First thing this morning, I saw video of the D&PL building that I worked in for years being torn down. It’s a bit of history that’s gone now.
This is the building that housed Delta and Pine Land Company for decades. It went from a farm-based headquarters that included the store for tenant farmers, to the headquarters of a cotton seed company that would totally change cotton farming. (Wanna see historical photos? This one in the NY Public Library collection includes one of the first building that had been torn down before I got there.)
I moved into an office just above the post office in 1996 when I moved from White Plains, NY to a place that couldn’t have been more different.
At the time, D&PL was in growth mode but still in a town of hundreds by day, fewer by night. We were packed tightly. There were some employees in trailers and a new building was getting built. I had to share an office for a while and I think they couldn’t have put people with more diverse needs in an office together. I talked to people on the phone and would sit pondering how to write things while Donna would be knocking out data on that keyboard.
The D&PL building had a lot of character and housed lots of characters, many I am lucky enough to call friends.
Sure, the building was not well-suited to the use by the 1990s. We all made jokes about how new employees were tested by whether they could work their way through the maze to find their office or the office of someone they were supposed to meet with. (I remember the test of finding the board room.)
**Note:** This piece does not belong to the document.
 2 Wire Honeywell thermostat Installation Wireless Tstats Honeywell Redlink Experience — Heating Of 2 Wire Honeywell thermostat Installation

There were exterior doors in weird places because work flows had changed and other buildings put up. Employees hired. And many of us moved away over the years.
Since moving to St. Louis, I haven’t been back much and don’t have a lot of time when I have gone. Not sure whether I took this photo when I went back several years ago to visit Miss Dot just a short while before she passed. We all knew it was imminent so it definitely made the visit through the Delta more somber.
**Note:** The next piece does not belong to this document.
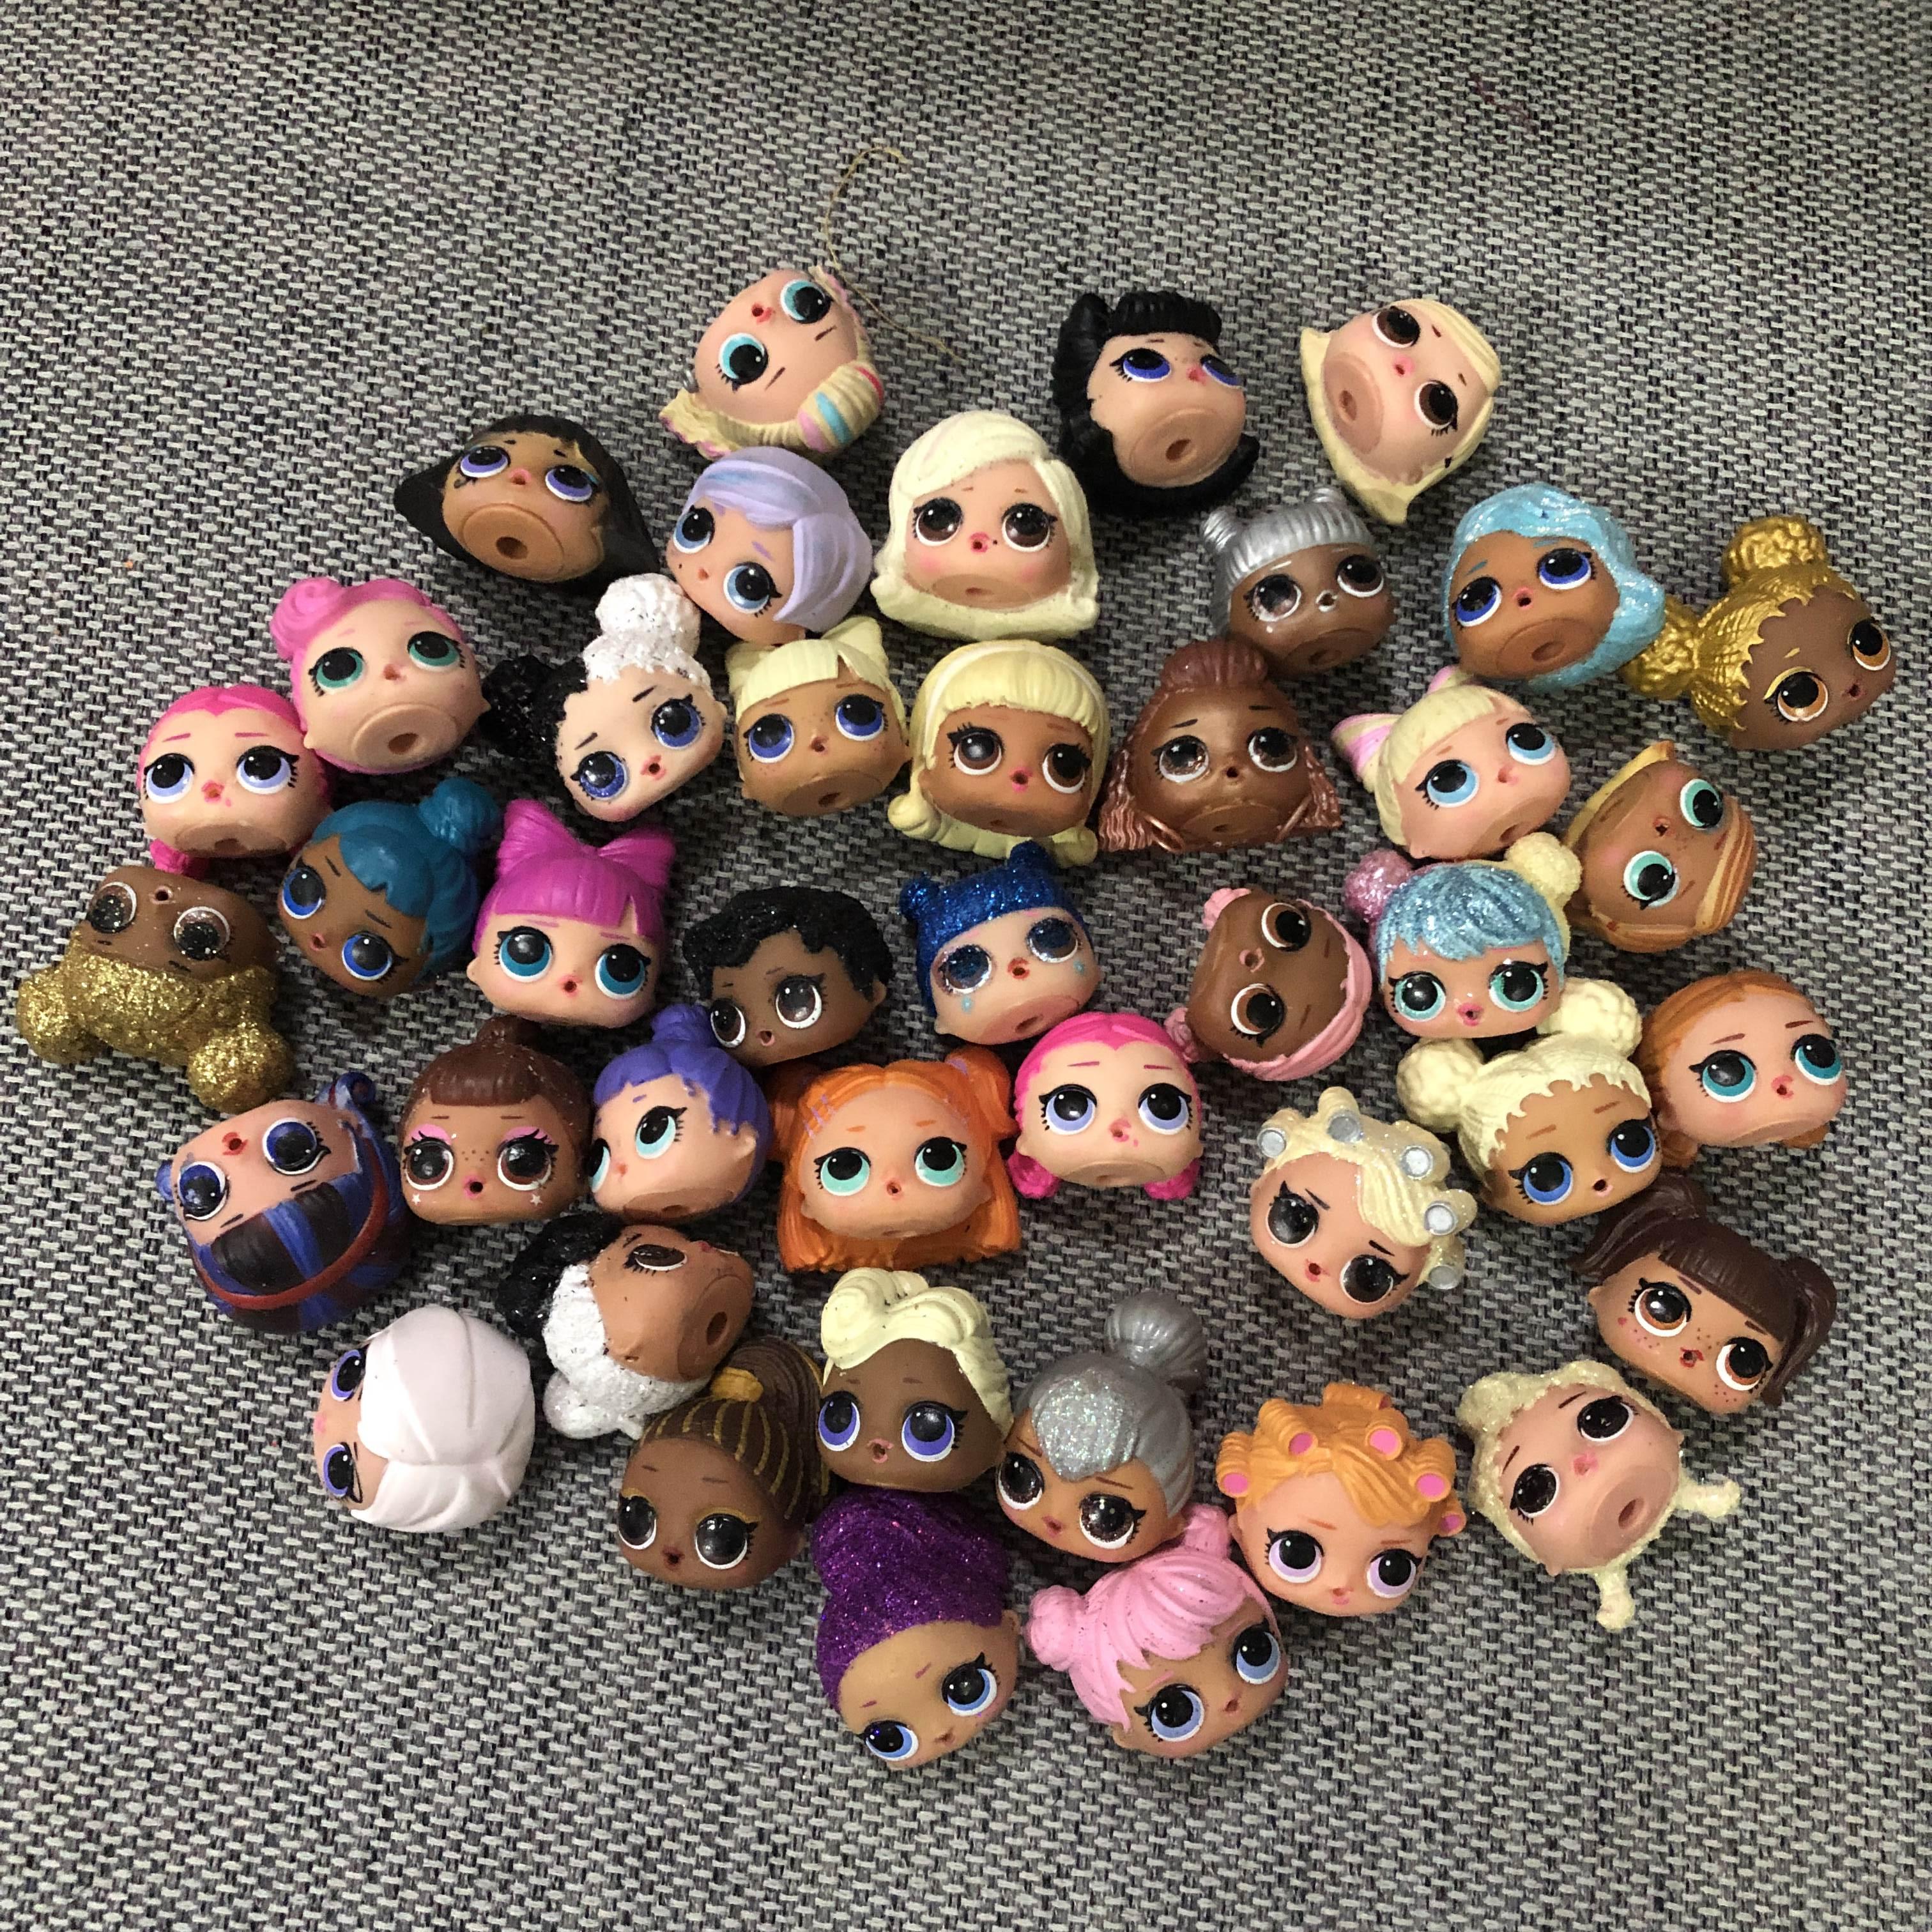 LOL Doll Surprise Original  Head Dolls Action Figure Model Girl Christmas Gift Toys For Chilren

How I Want to Picture that D&PL Building
I’d like to think it was, because the sun and this brilliant blue sky was needed…. I don’t think I could have handled a gray winter day then and I’d prefer to remember the sunnier days.
Make it a sunny spring or early summer day. A day warm enough so that the couple of folks fishing Deer Creek wouldn’t need to sit on the 5 gallon buckets to stay warm…. the ground was already warm enough on its own which means cotton was being planted or maybe it was already up so you could see the rows.
A day when the parking lot was filled and cars would stop in the fire zone long enough to get mail for a house since there was no home delivery.
A day when maybe some out of town visitor found themselves on the backroads and turned in when they saw the sign for lunch at the Scott Store. Friends and I coming together from the old building, the new one, the print shop, QA & even from across the creek….. All of having that meat and three in the store and hearing the laughter from stories told as Charles wrote down the latest amount that would be added to my tab on the index card and put in an old box.
I may not get there much, but Scott, MS is the kind of place that sticks with you once you have called it home for a little while. The building spurred the walk down memory lane today, but the images are forever tattooed on my memory. And I still have my more frequent visits to Scott virtually a lot more often by hopping on the phone or visiting with friends who I met there.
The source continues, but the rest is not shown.